What makes your local running community unique?

My local running community is unique in that somewhere along the way, it’s no longer about running. Yes, we’ll cheer you on and help you reach your next PR, but it is deeper than that. We pray for you. We circle the wagons when someone is in trouble. We cook meals or provide food when someone is ill or loses a loved one. We’re a family.  And we’ll celebrate every finish line with you — whether you hit a new PR or rode the struggle bus all the way in, we love you just the same.

What do you think you bring to your business with a woman’s perspective as compared to your male colleagues?

This question is a hard one for me to answer. Personality-wise, I tend to think in a more masculine way. I don’t know that I personally bring much of a female perspective. My thought pattern is much more typically masculine than feminine. I am one of the least maternal people I know.

How does that translate to your leadership style?
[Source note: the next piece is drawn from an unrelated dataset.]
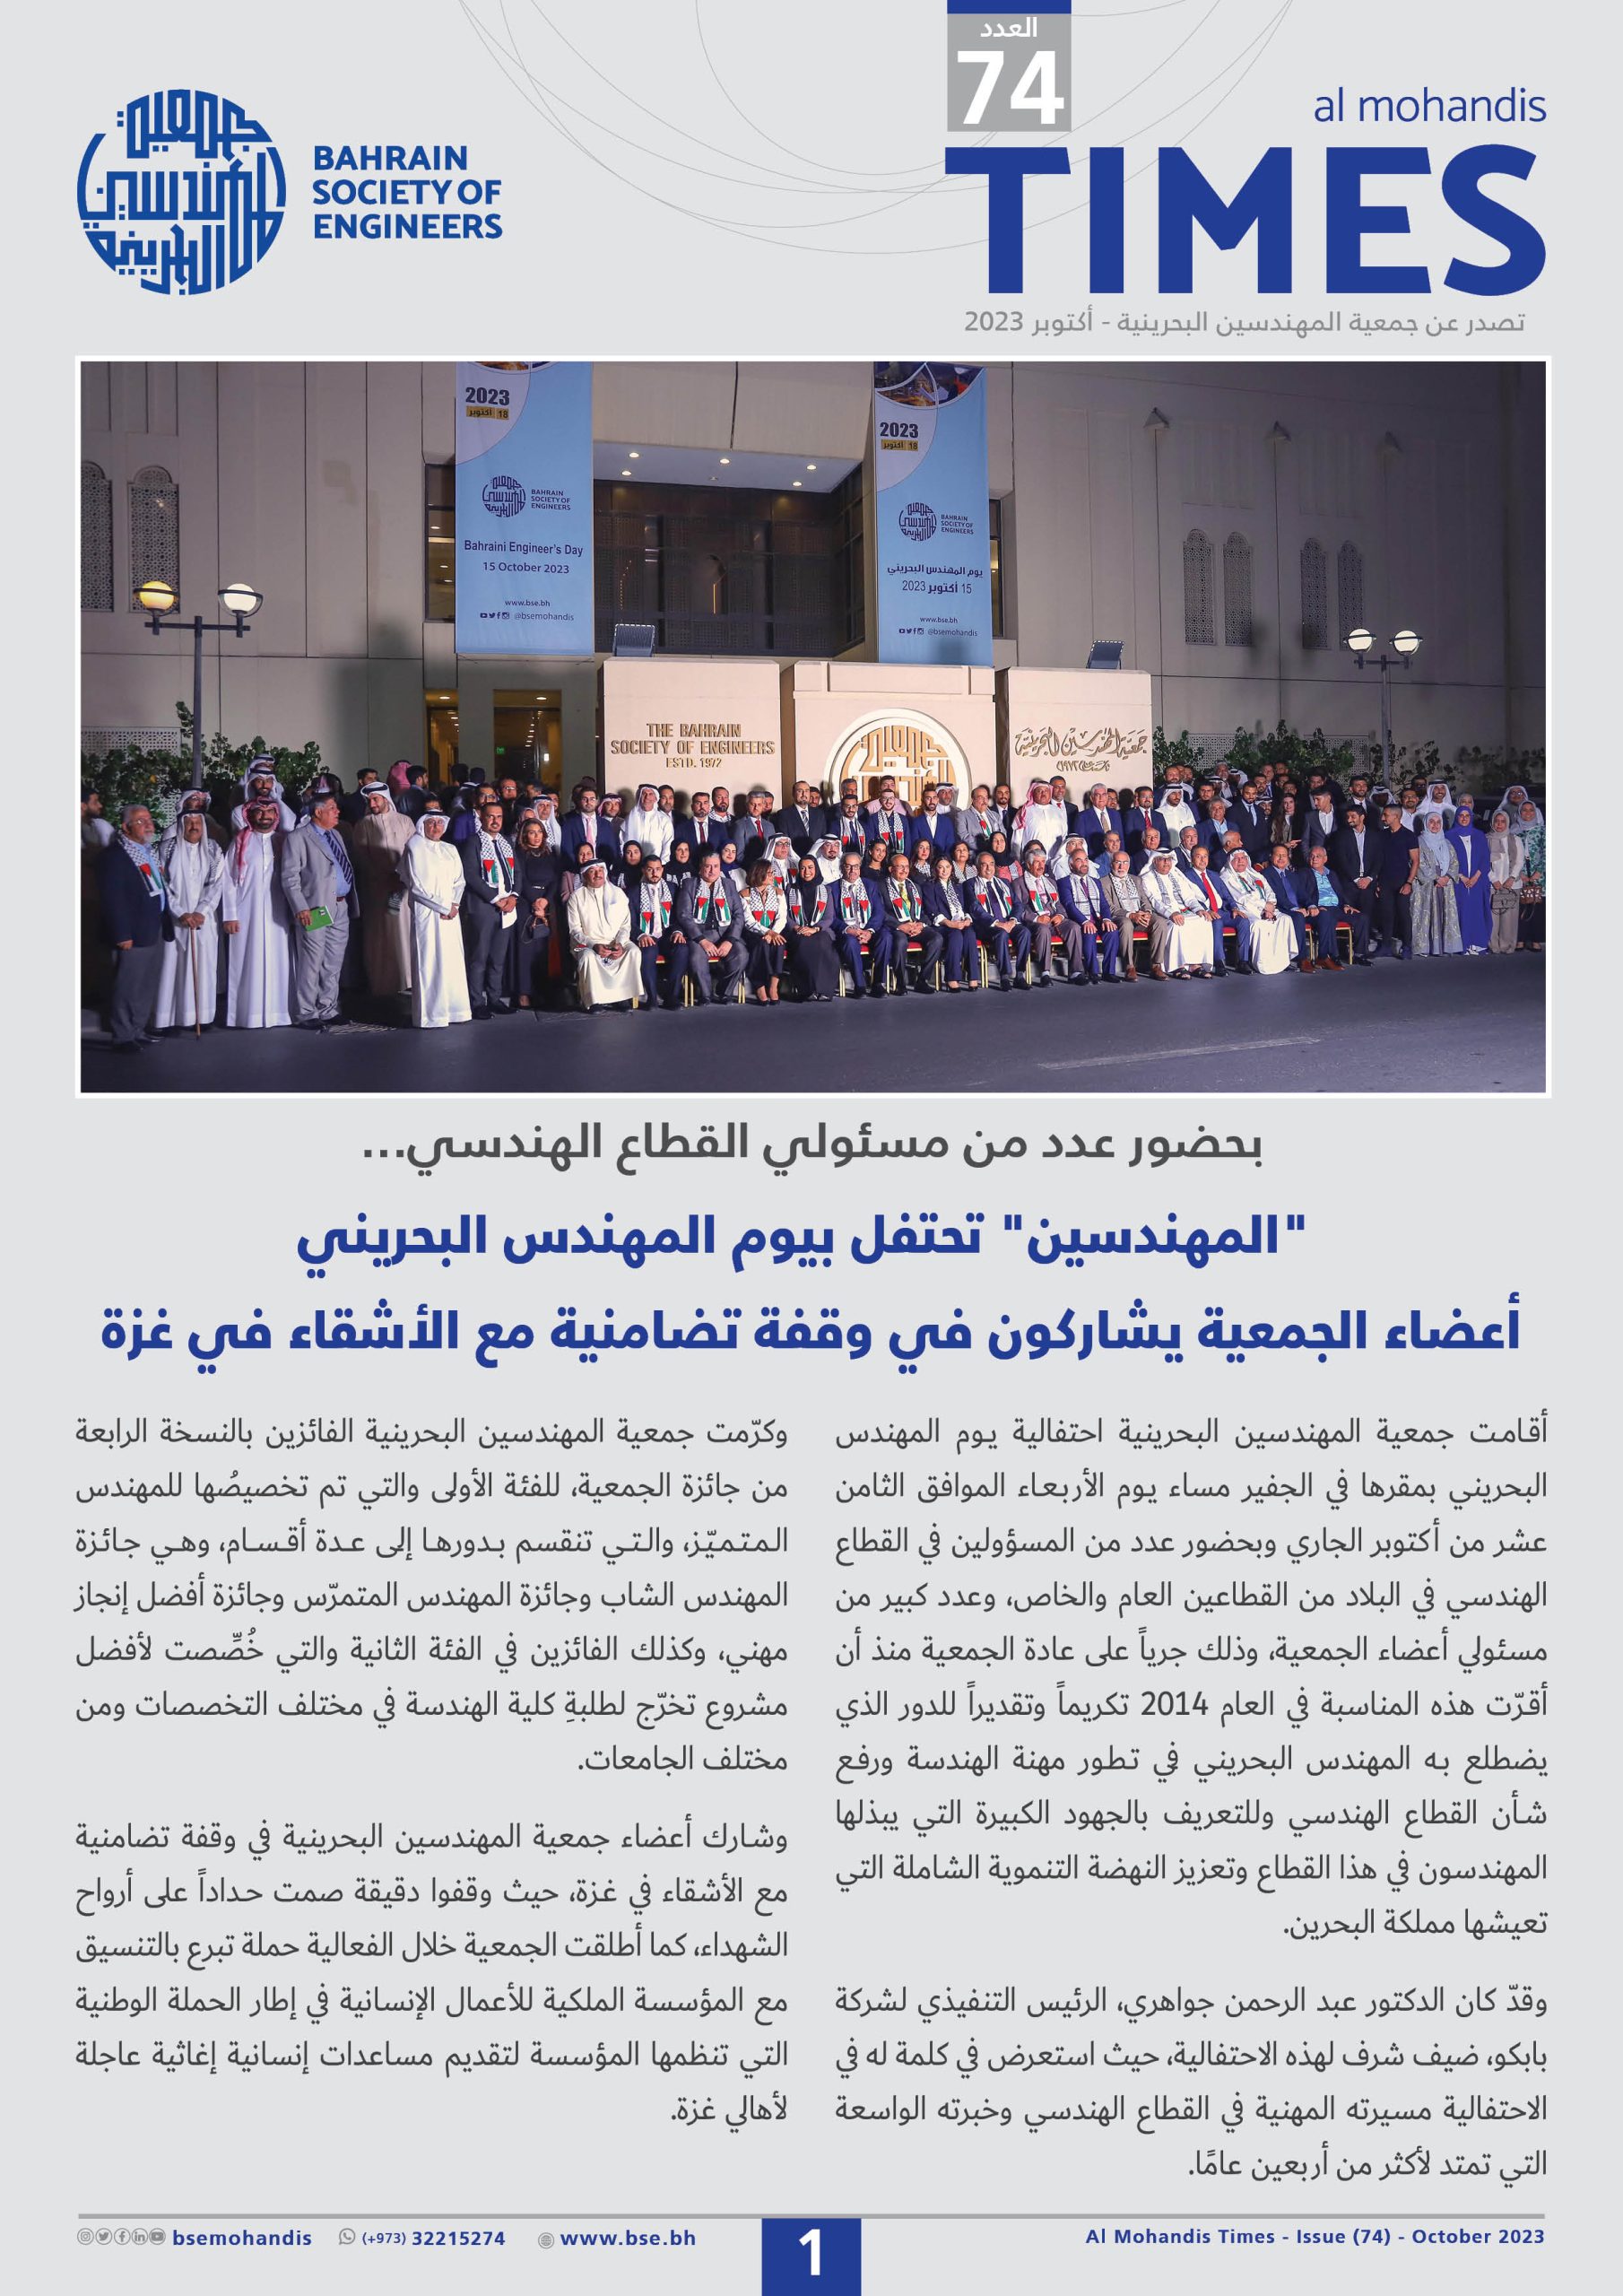 Al Mohandis Times Issue 74

I don’t know if this necessarily has anything to do with being female, but I will say that my leadership style is much more democratic than in some other places I’ve been. While the decision is ultimately up to me, I do seek input from a variety of sources – including my entire team – on certain things.

Do you think having a woman running the business has helped your store reach more female customers?
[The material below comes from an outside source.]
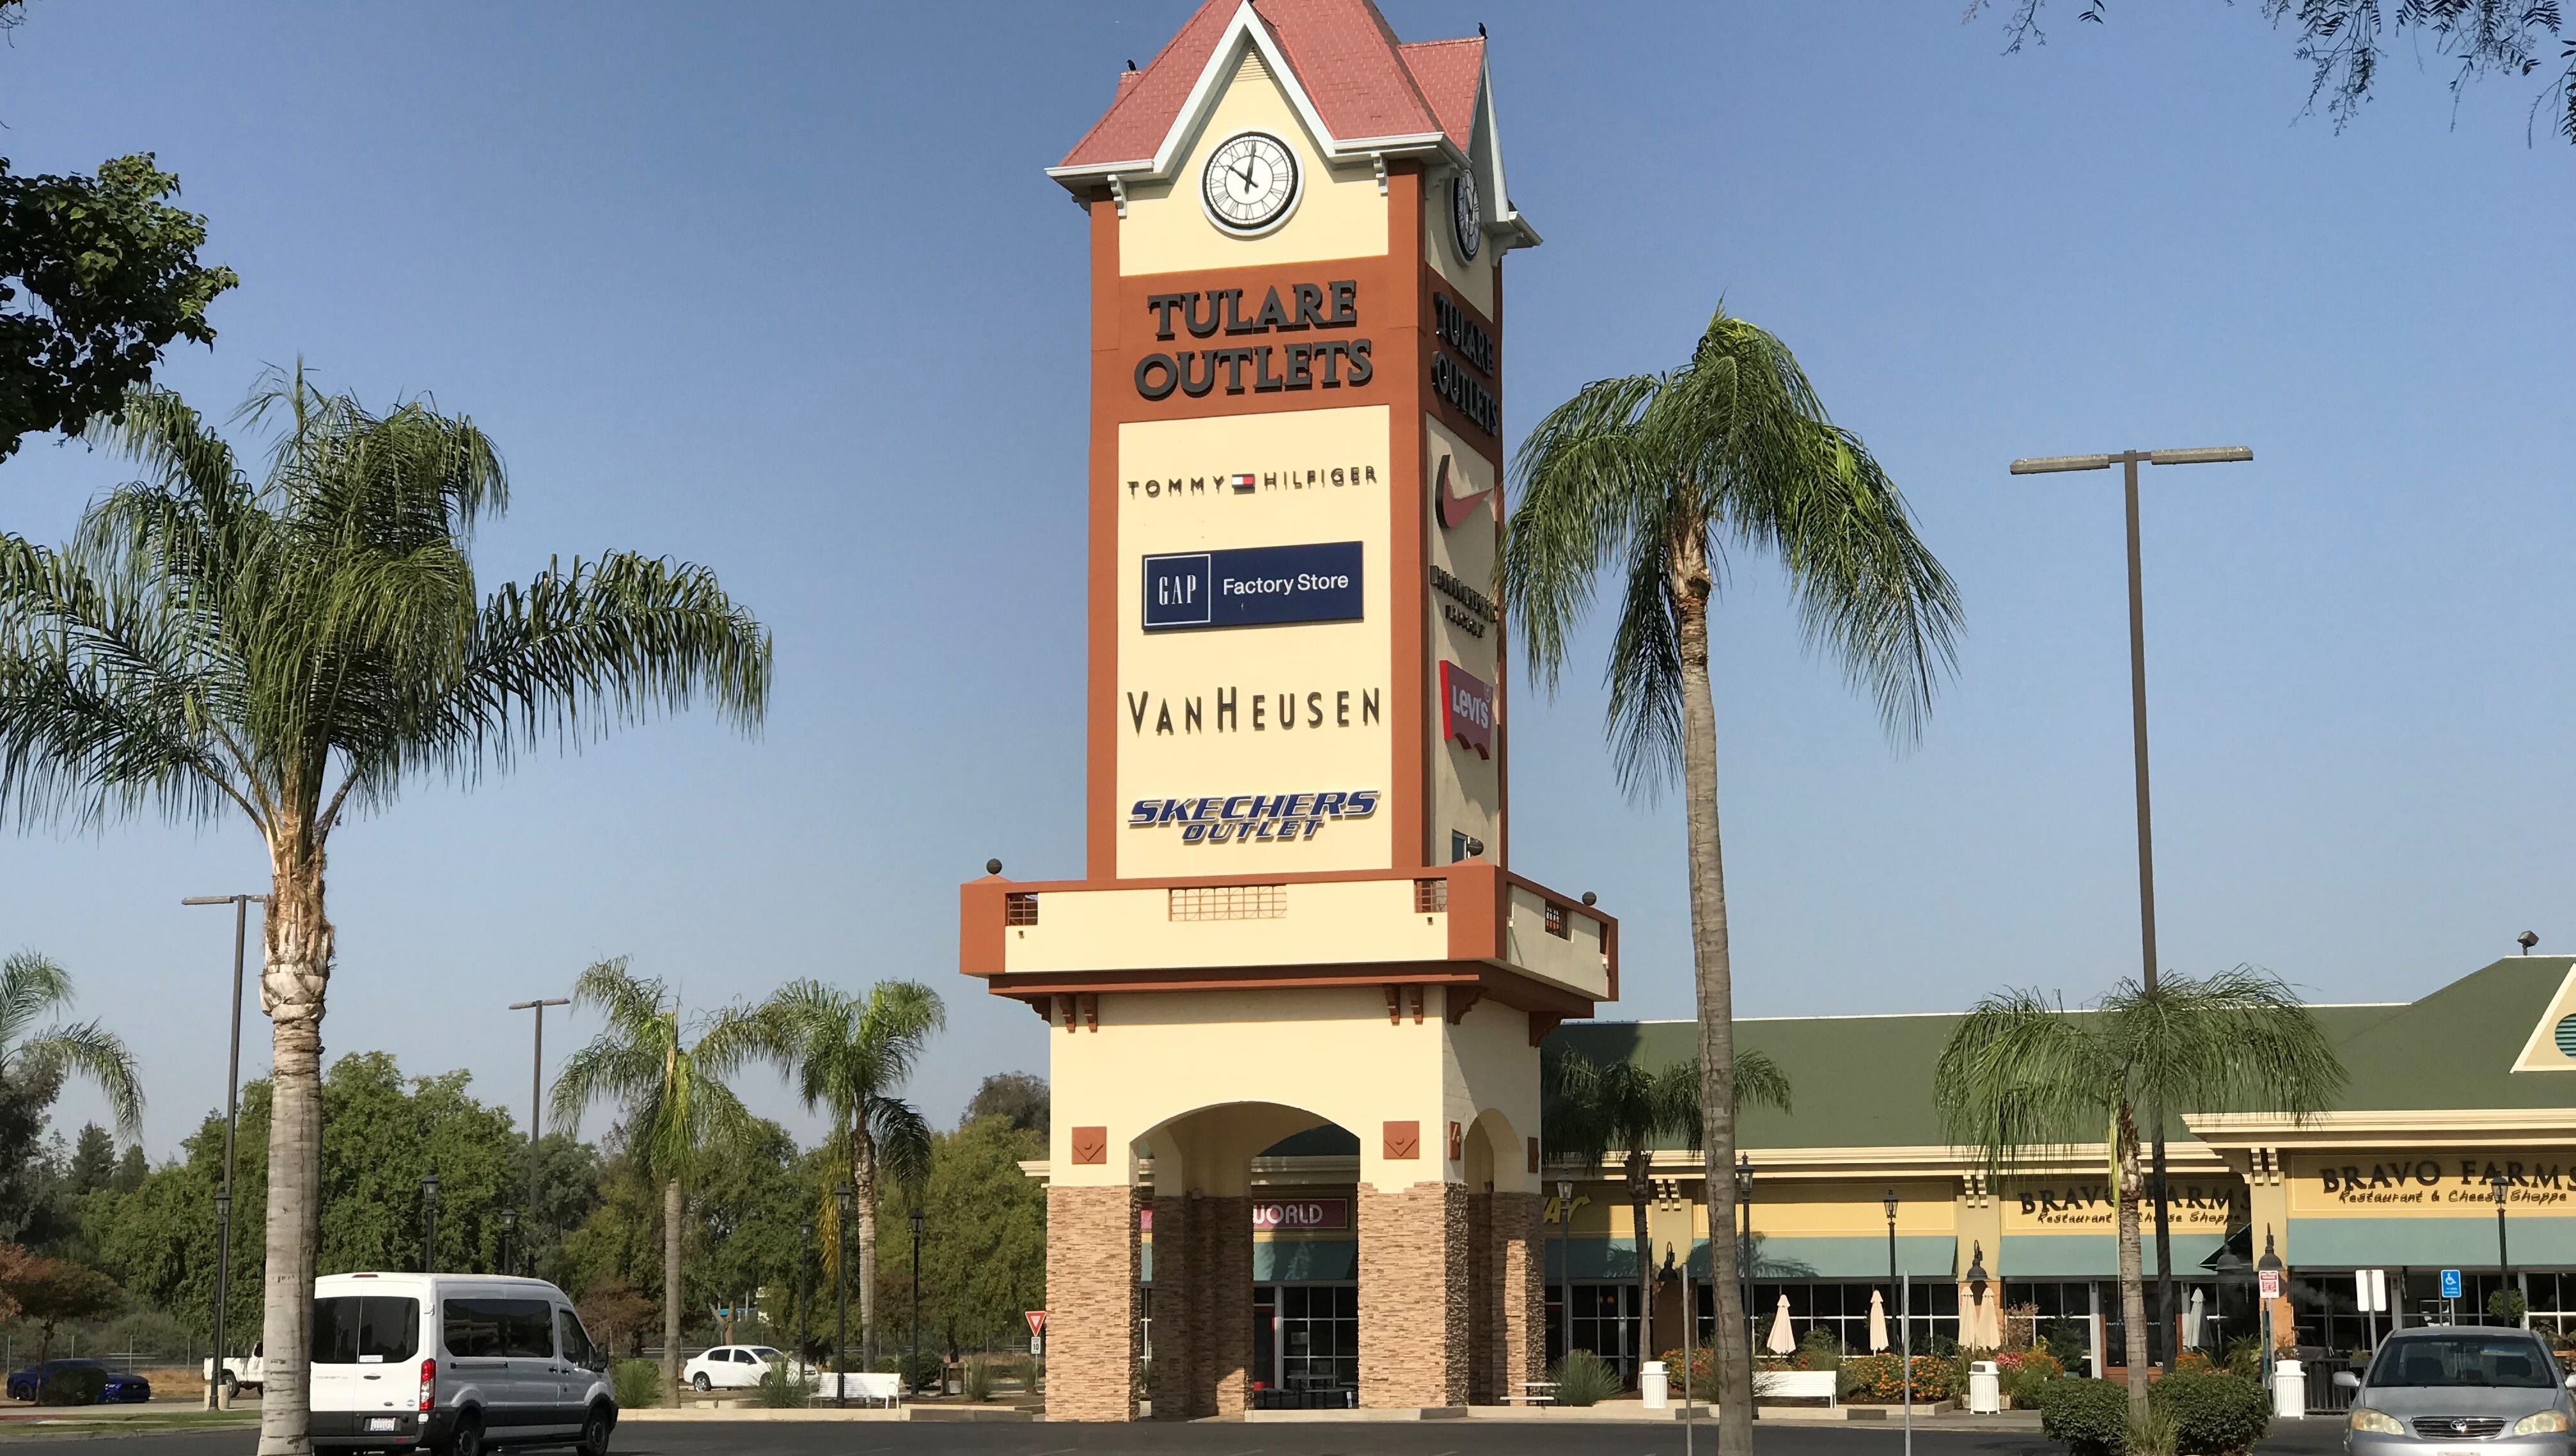 TPD in talks to open office at Tulare Outlets amid high-profile crimes

In some ways, yes. I honestly think that being a plus-sized runner for so long brought me more female customers than anything else. I think people have an idea of what they think a runner’s body looks like — and it’s usually the one elite runners have. There’s nothing wrong with it —heck, I’d love to look like that, but I don’t. Stand at any finish line and you’ll see all kinds of people crossing it. I think our communities need to have a better understanding of what a runner’s body looks like and realize that it looks much like they do. 

What advice would you give to other run specialty retailers about reaching out and merchandising to female runners?

My advice regarding merchandising and reaching out to female customers is — just to do it. And show real women – actual customers and running buddies – doing it. If you can tell a success story of someone who maybe lost a lot of weight while running or of someone completing a race or training program — better yet, have them tell their story. 

Anything else?

Be inclusive on sizing. People come in a variety of shapes and sizes and have different preferences. And not just extended sizes — all sizes have likes/dislikes. Remember runners also come in a variety of ages, not just sizes. Everyone performs better when they feel good and part of feeling good is looking good. Make sure everyone can find something that makes them look good and feel good in your store.

What advice would you give to any young (or older) women considering following a similar career path in the run business?

Have a solid network. Make contacts and stay in touch with them. Check in with a text or email from time to time. Being a store owner can sometimes feel very isolating. I am grateful for the women of empowerun — I no longer feel alone in my struggles. And I have a fantastic resource for answers to many questions. Find your tribe in the running industry — no matter who they are, and stay in touch.

Well, you have had quite an interesting year so far. What are you expecting for you and your store for the rest of 2021 and what is it going to take to achieve that?

We’re on pace to blow 2020 out of the water, we just have to hold strong. We know there are global supply chain issues and inventory struggles headed our way. We need to educate the customer on what’s coming and provide them with information so they can make their purchases wisely. 

How do you do that?

We plan to be honest and upfront with them about what is going on and what our plan is going forward. It’s not always about supplying the product immediately — it’s providing them the information and support they need to make the best decisions they can.